= Modern psychoanalysis =

Psychoanalytic technique

Modern psychoanalysis is the term used by Hyman Spotnitz to describe the techniques he developed for the treatment of narcissistic (also called preverbal or preoedipal) disorders.

==Theory==
Narcissism is understood (by Spotnitz) as a state in which unexpressed aggression and hostility are trapped within the psychic apparatus with corrosive effects on mind and body. The bottled up aggression is turned against the self by a weak and undeveloped ego that is not capable of handling the stress of hateful feelings. The techniques of modern psychoanalysis are aimed at allowing the ego to direct aggression outward in productive ways and at protecting a fragile ego against the self-attack seen in cases ranging from schizophrenia, depression, and somatization to neurotic forms of self-sabotage. This is accomplished by helping the patient to "say everything."

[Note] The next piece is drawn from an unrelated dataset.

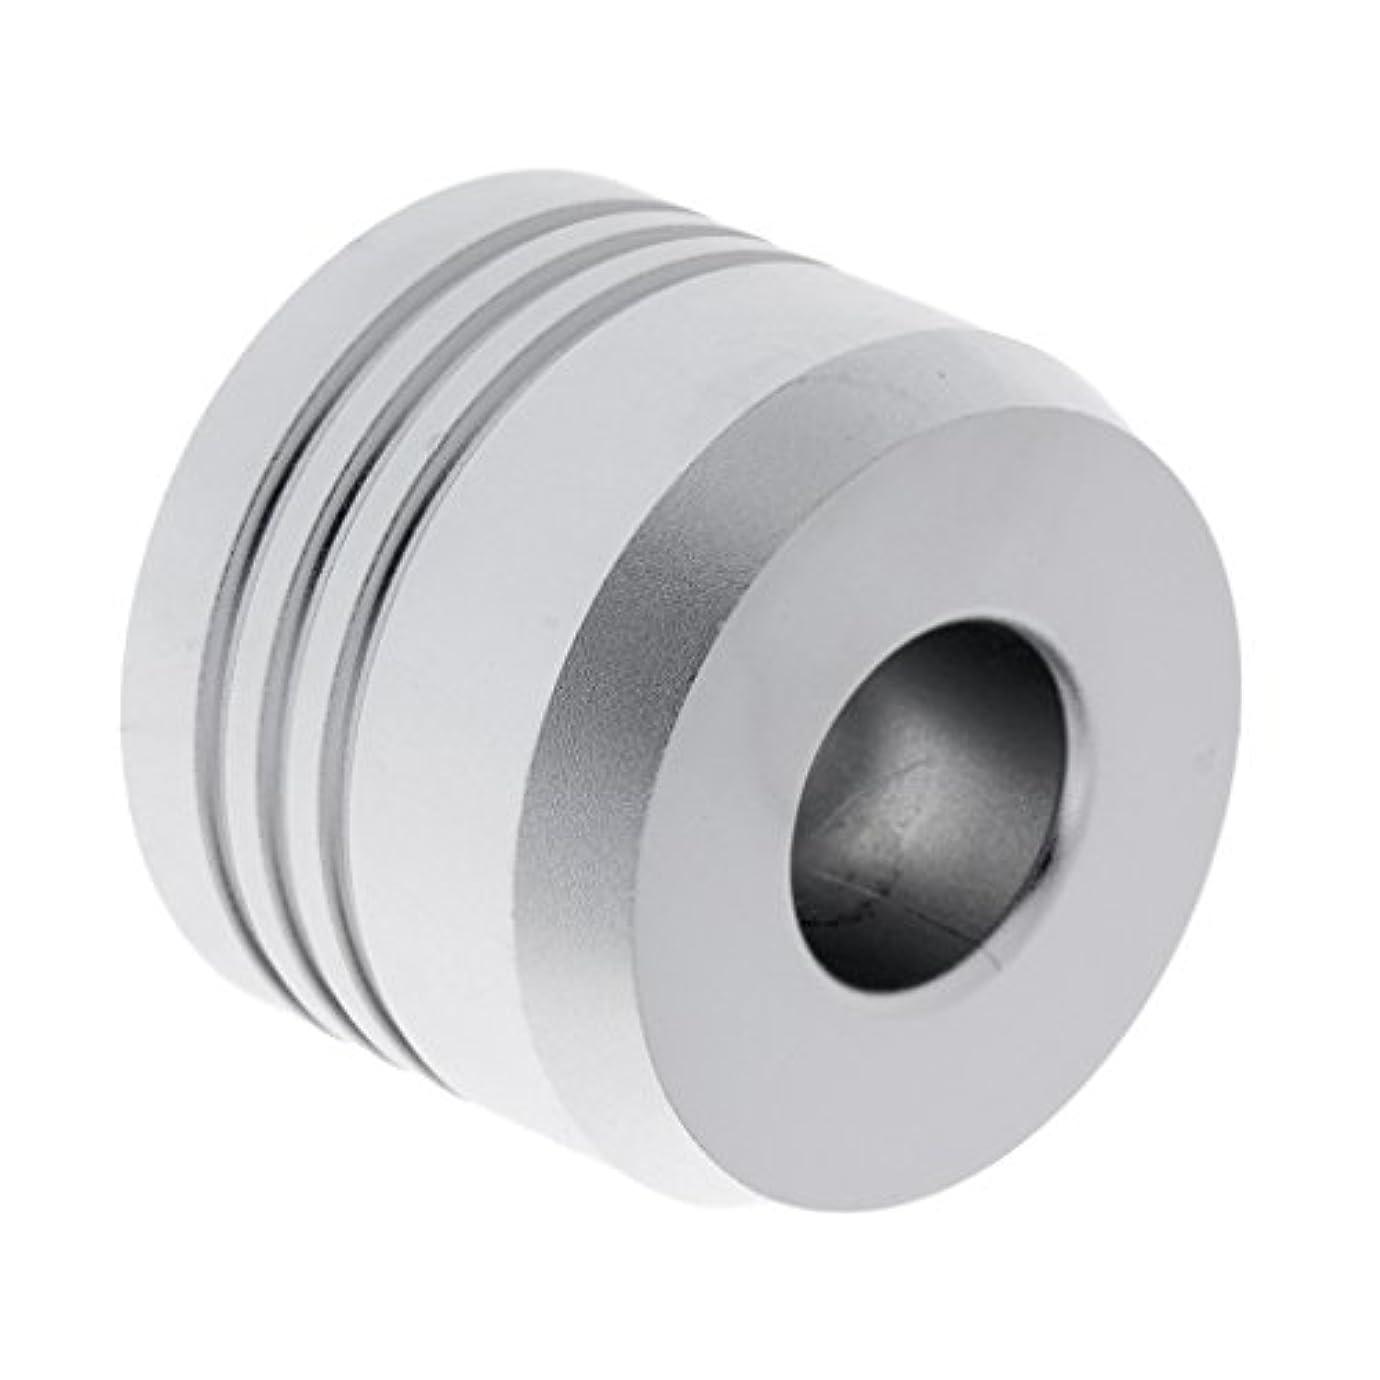 動力学スモッグフォーラムセーフティカミソリスタンド スタンド メンズ シェービング カミソリホルダー サポート 調節可能 シェーバーベース 2色選べ - 銀

The ego is protected by what is called "object oriented questions." These are questions directed toward the motives of other people rather than the patient, i.e., "What makes her do that?" or, "Why did I do that?” To guide the quality and number of such interventions modern analysts follow the "contact function," the efforts made by the patient to establish some discourse with the analyst. Questions asked by the patient indicate what the patient is ready to talk about and are explored to help the patient say more. Meadow describes the contact function as responding, "’in kind,’ thus replacing subjectively determined timing as used in traditional insight-oriented interpretation with what might be called ‘demand feeding’.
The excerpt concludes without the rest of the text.